▶

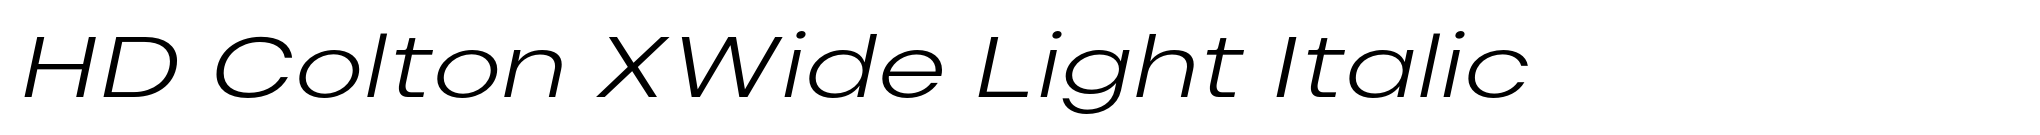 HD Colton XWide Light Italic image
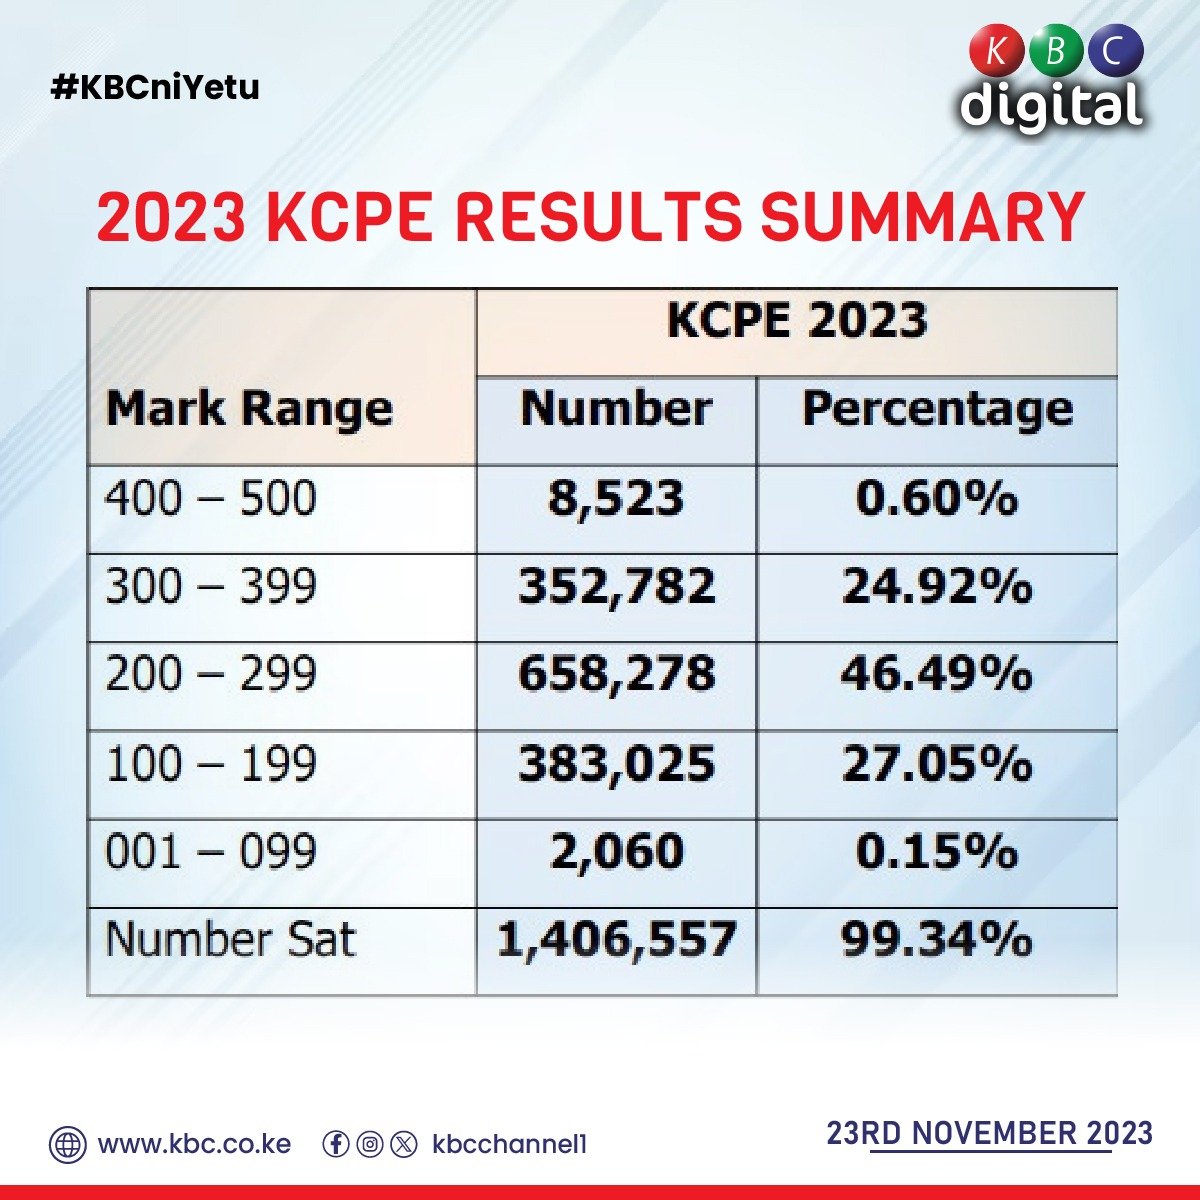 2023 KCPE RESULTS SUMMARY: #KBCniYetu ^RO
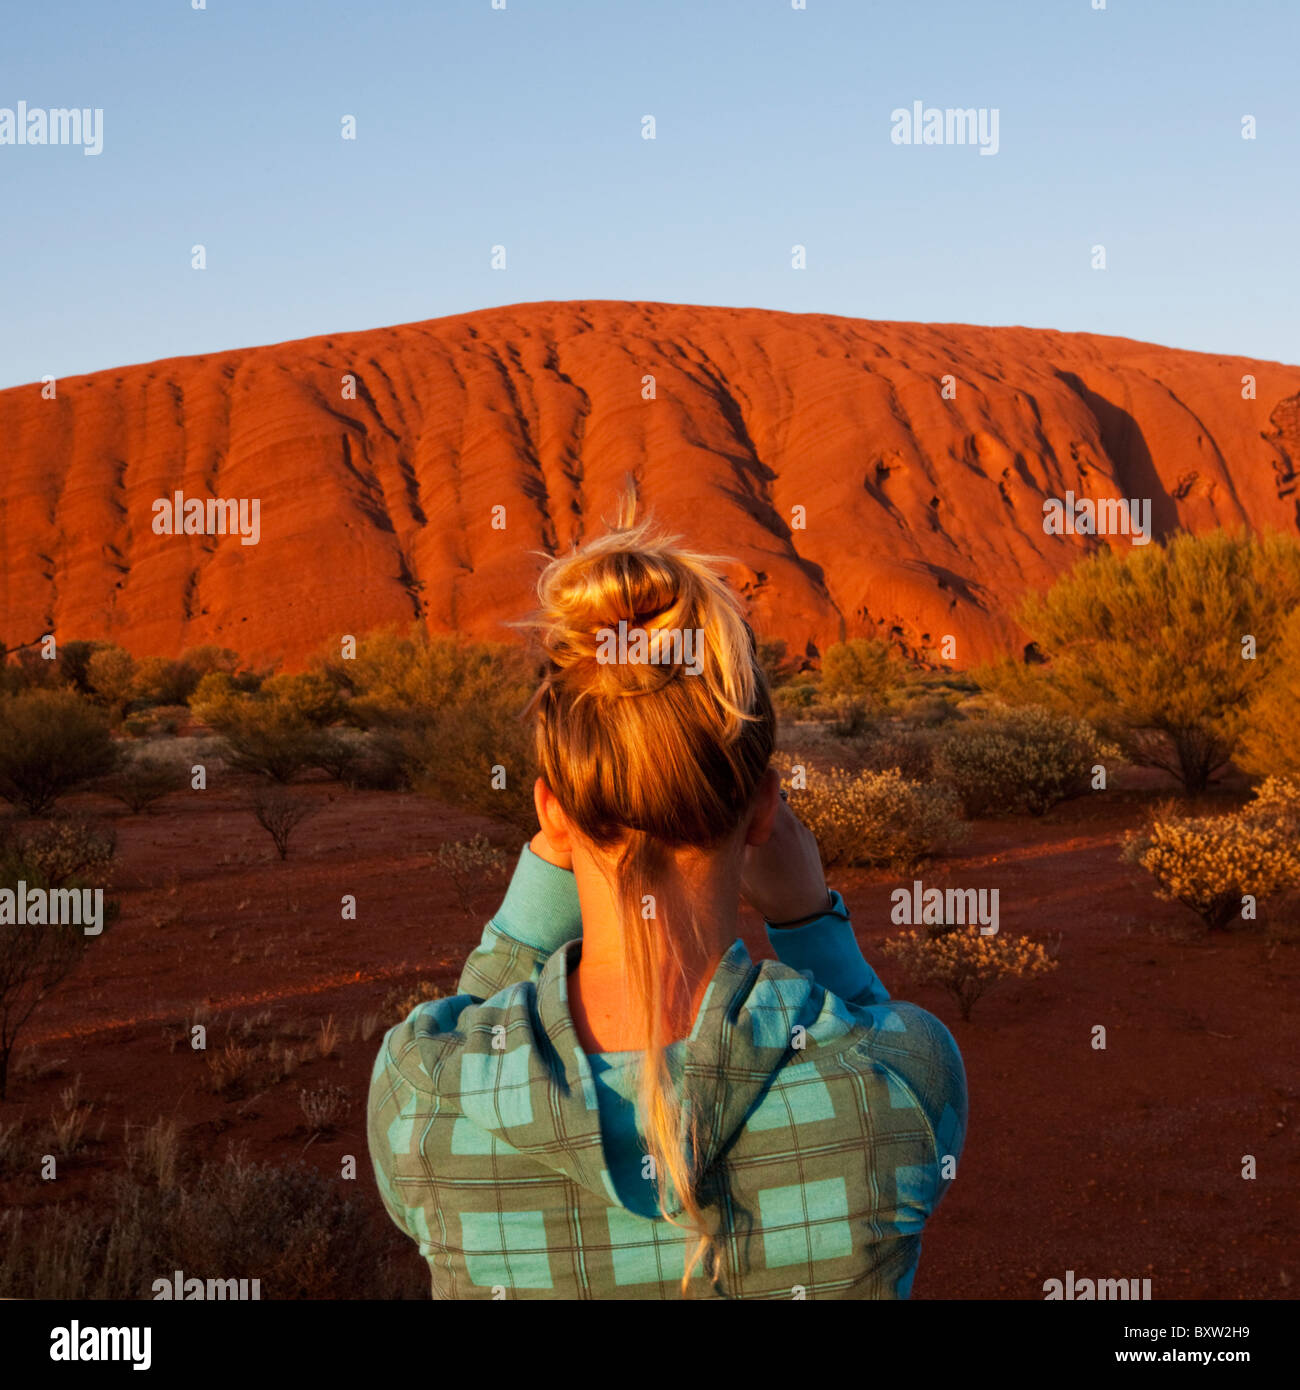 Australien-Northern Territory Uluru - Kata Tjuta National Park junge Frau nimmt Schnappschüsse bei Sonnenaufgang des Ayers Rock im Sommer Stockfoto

◀

This exercise asks for the data above to be given again exactly, without pictures.

### RESPONSE TO THIS EXERCISE
 HD Colton XWide Light Italic image
 2023 KCPE RESULTS SUMMARY: #KBCniYetu ^RO
 Australien-Northern Territory Uluru - Kata Tjuta National Park junge Frau nimmt Schnappschüsse bei Sonnenaufgang des Ayers Rock im Sommer Stockfoto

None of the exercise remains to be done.